Q2 MATHEMATICAL & COMPUTATIONAL BIOLOGY Pub Date : 2023-10-11 eCollection Date: 2023-01-01 DOI: 10.3389/fbinf.2023.1277923
Thomas Krannich, Marina Herrera Sarrias, Hiba Ben Aribi, Moustafa Shokrof, Alfredo Iacoangeli, Ammar Al-Chalabi, Fritz J Sedlazeck, Ben Busby, Ahmad Al Khleifat

Motivation: For a number of neurological diseases, such as Alzheimer's disease, amyotrophic lateral sclerosis, and many others, certain genes are known to be involved in the disease mechanism. A common question is whether a structural variant in any such gene may be related to drug response in clinical trials and how this relationship can contribute to the lifecycle of drug development. Results: To this end, we introduce VariantSurvival, a tool that identifies changes in survival relative to structural variants within target genes. VariantSurvival matches annotated structural variants with genes that are clinically relevant to neurological diseases. A Cox regression model determines the change in survival between the placebo and clinical trial groups with respect to the number of structural variants in the drug target genes. We demonstrate the functionality of our approach with the exemplary case of the SETX gene. VariantSurvival has a user-friendly and lightweight graphical user interface built on the shiny web application package.

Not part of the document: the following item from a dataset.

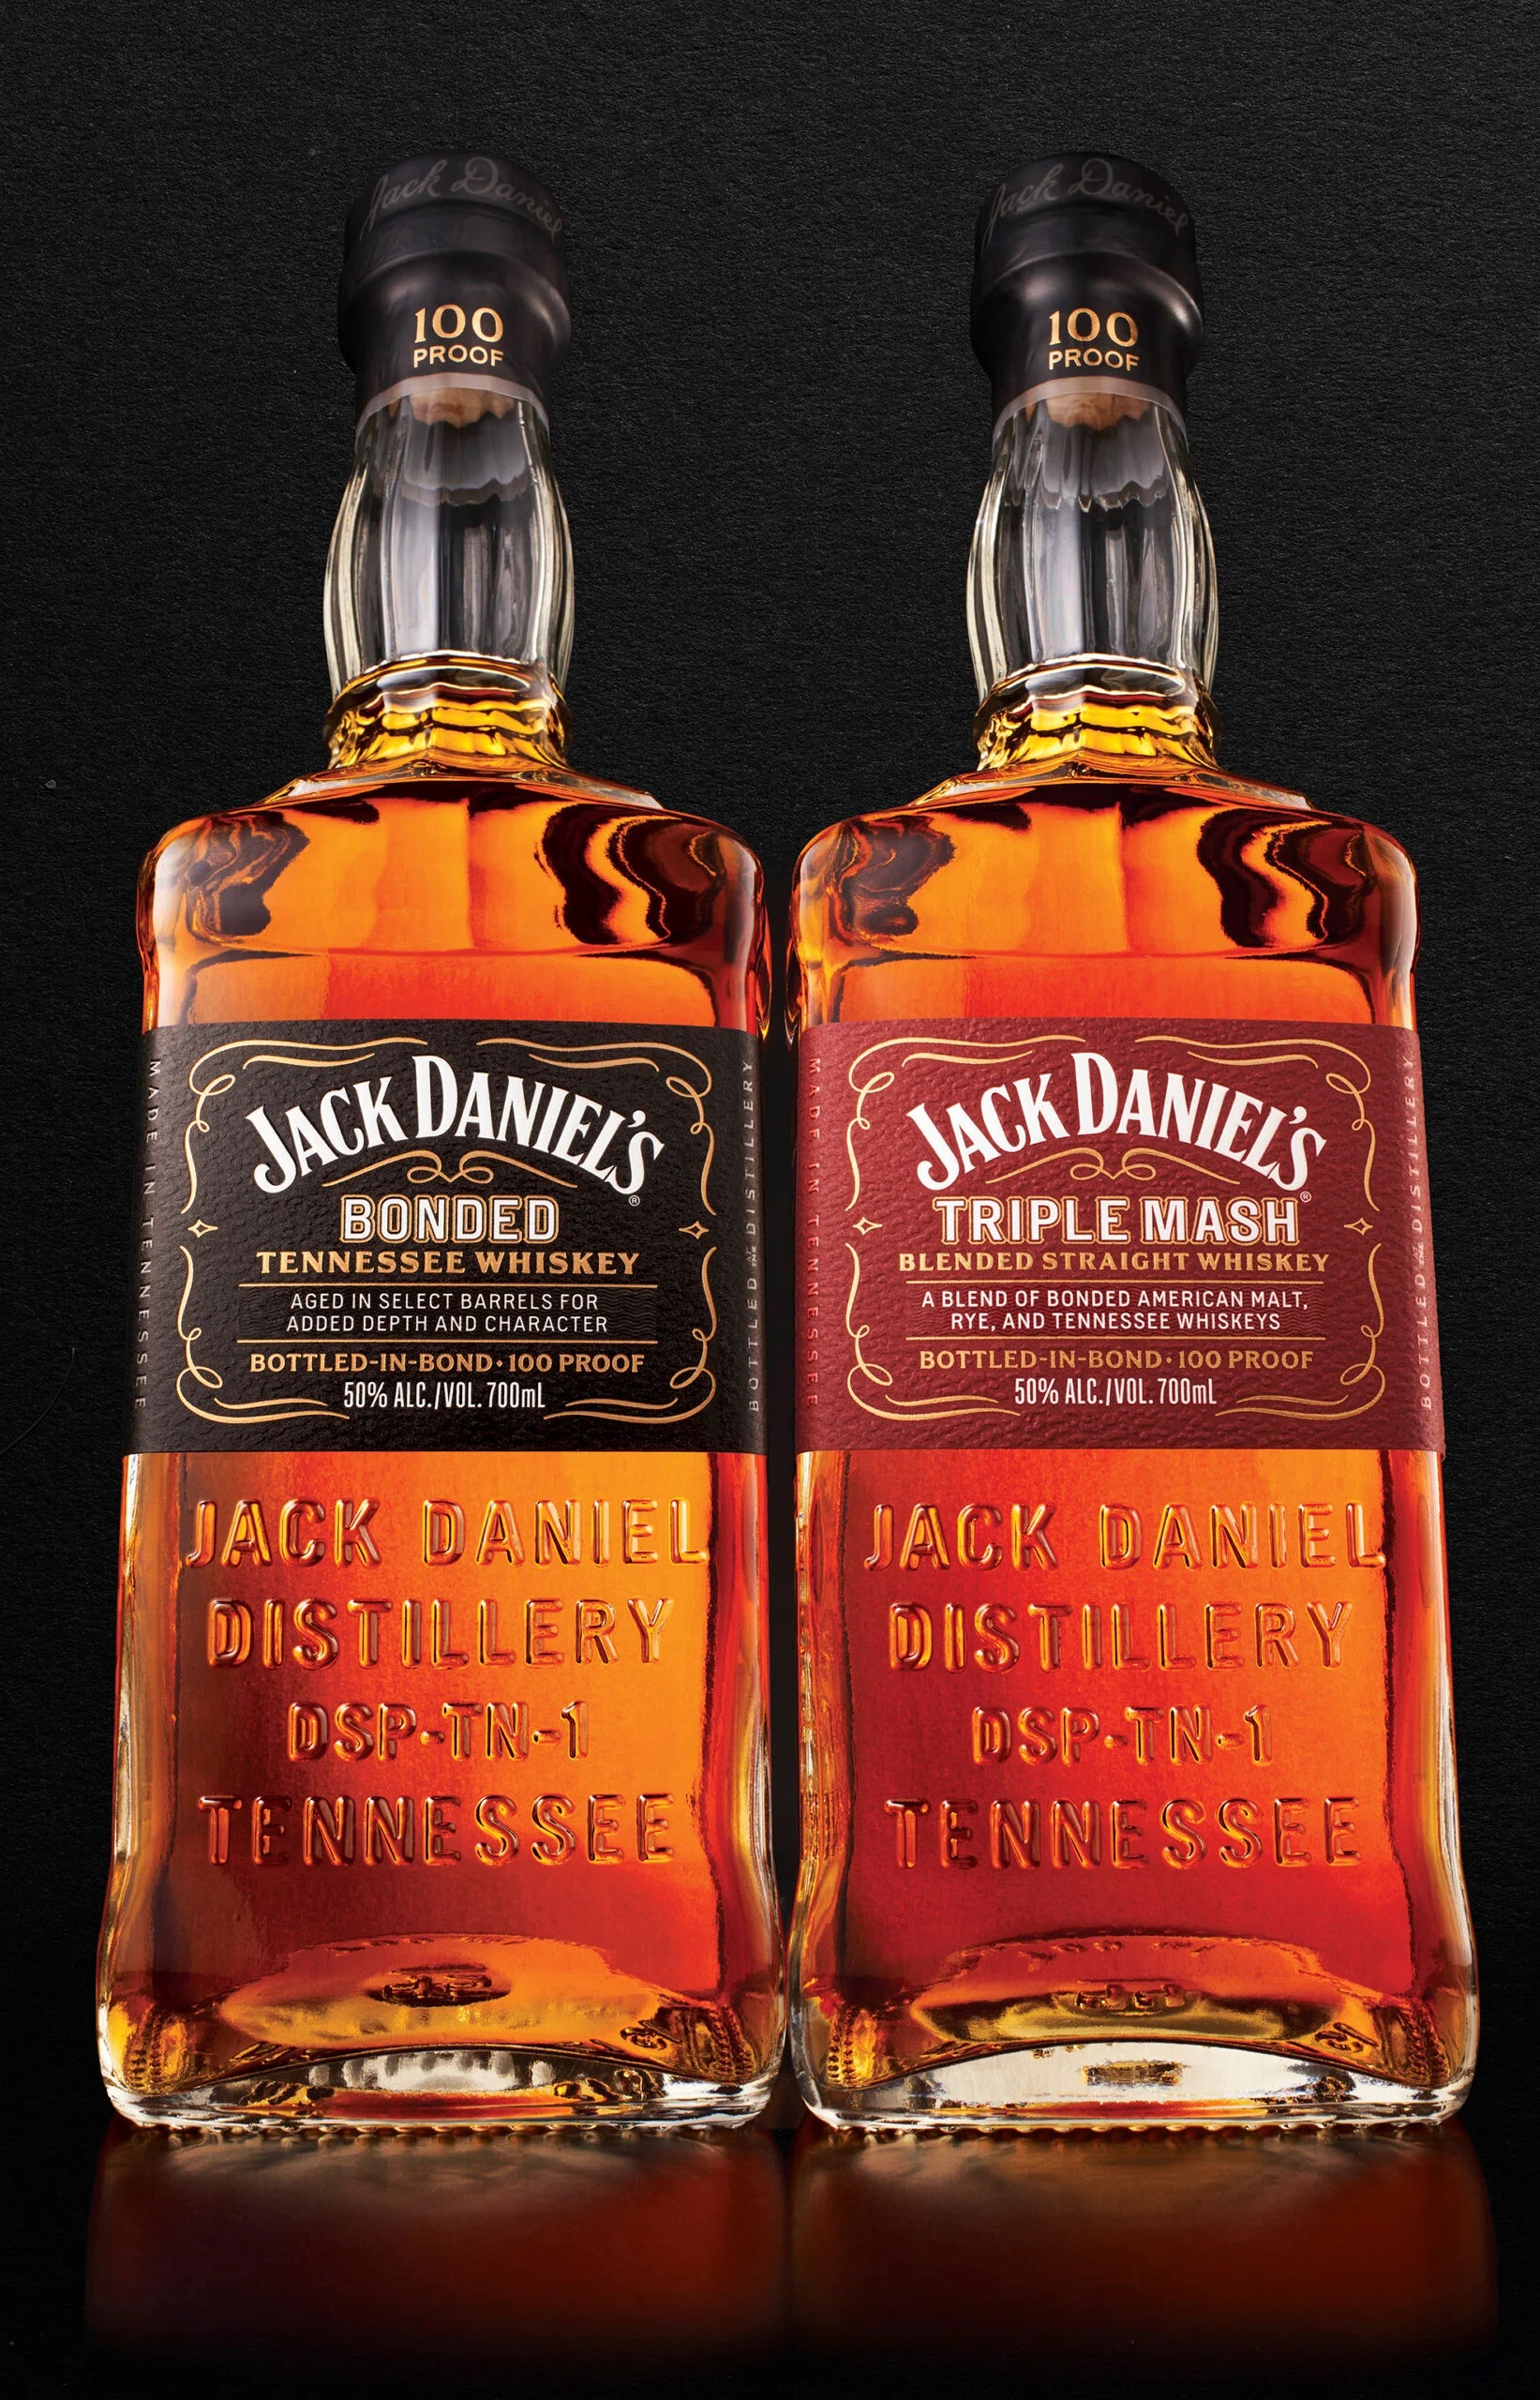 Image of 2 Jack Daniel's bottles

动机:对于许多神经系统疾病,如阿尔茨海默病、肌萎缩侧索硬化症和许多其他疾病,已知某些基因与疾病机制有关。一个常见的问题是,任何此类基因的结构变异是否与临床试验中的药物反应有关,以及这种关系如何有助于药物开发的生命周期。结果:为此,我们引入了VariantSurvival,这是一种识别存活率相对于靶基因结构变异变化的工具。VariantSurvival将注释的结构变体与临床上与神经疾病相关的基因进行匹配。Cox回归模型确定了安慰剂组和临床试验组之间相对于药物靶基因结构变异数量的生存率变化。我们用SETX基因的例子来证明我们的方法的功能。VariantSurvival在闪亮的web应用程序包上构建了一个用户友好、轻量级的图形用户界面。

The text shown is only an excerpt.